Nargis, who is now 28, is pursuing a master’s degree in natural resources management at the Asian Institute of Technology in Thailand. One of 200 scholarship recipients under the Higher Education Development Project (HEDP), she believes she could not have pursued her dream without the project’s help.
“With HEDP support, I am studying in a good international university in Thailand,” Nargis says. “I have learned a lot and feel my master’s degree will improve my teaching abilities and when I come back to Afghanistan, I will be able to teach my students much more efficiently.”

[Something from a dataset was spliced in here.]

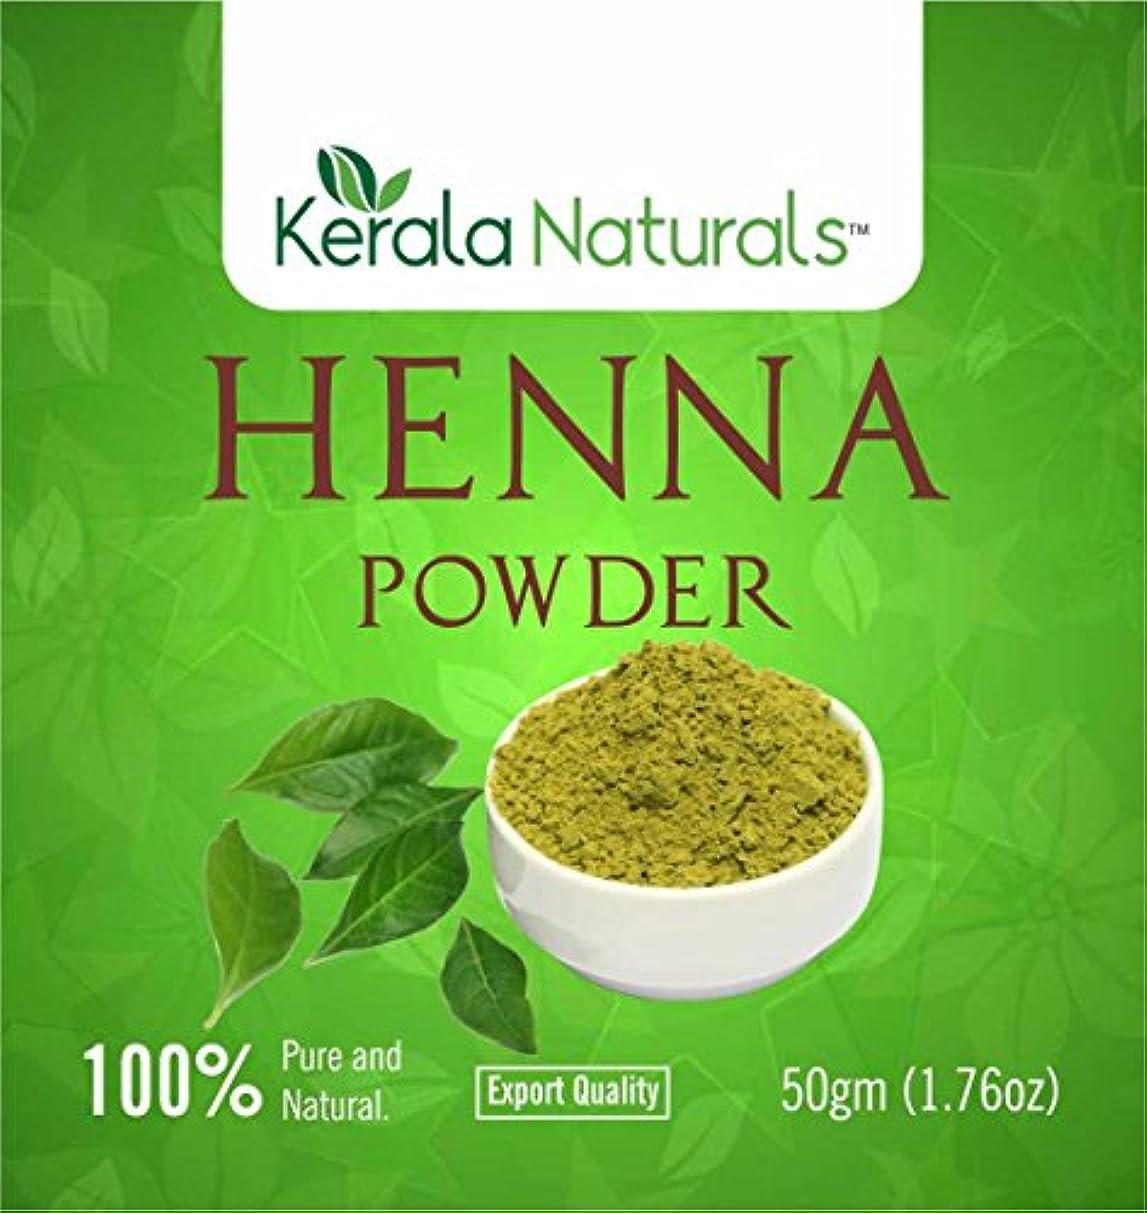 飲料札入れオリエンタル100% Pure Herbal Henna powder- Fresh Stock

HEDP aims to increase access to higher education in Afghanistan, as well as improve its quality and relevance. It has been implemented by the Ministry of Higher Education (MoHE) since July 2015, with funding support by the Afghanistan Reconstruction Trust Fund (ARTF). One of the ways HEDP is working to achieve this goal is through capacity building at all levels within the public university system, such as the scholarships for lecturers who want to purse postgraduate degrees to further their academic skills and qualifications.
Afghanistan has 36 public universities and institutes of higher education across the country, most of which were established or re-established only within the past decade. One of the most critical challenges they face is the lack of well-qualified lecturers—as high as around 60 percent of all lecturers in public universities hold only a bachelor’s degree. Based on the MoHE second National Higher Education Strategic Plan, 2016-2020, all university lecturers require at least a master’s degree by 2021.
HEDP is working to change the old system of higher education to a more modern one to increase its relevance and efficacy. “Through HEDP we would like to transform the old and traditional systems that are being used in public universities with a modernized and internationally recognized system, with serious attention to female participation,” says. Noor, director of MoHE.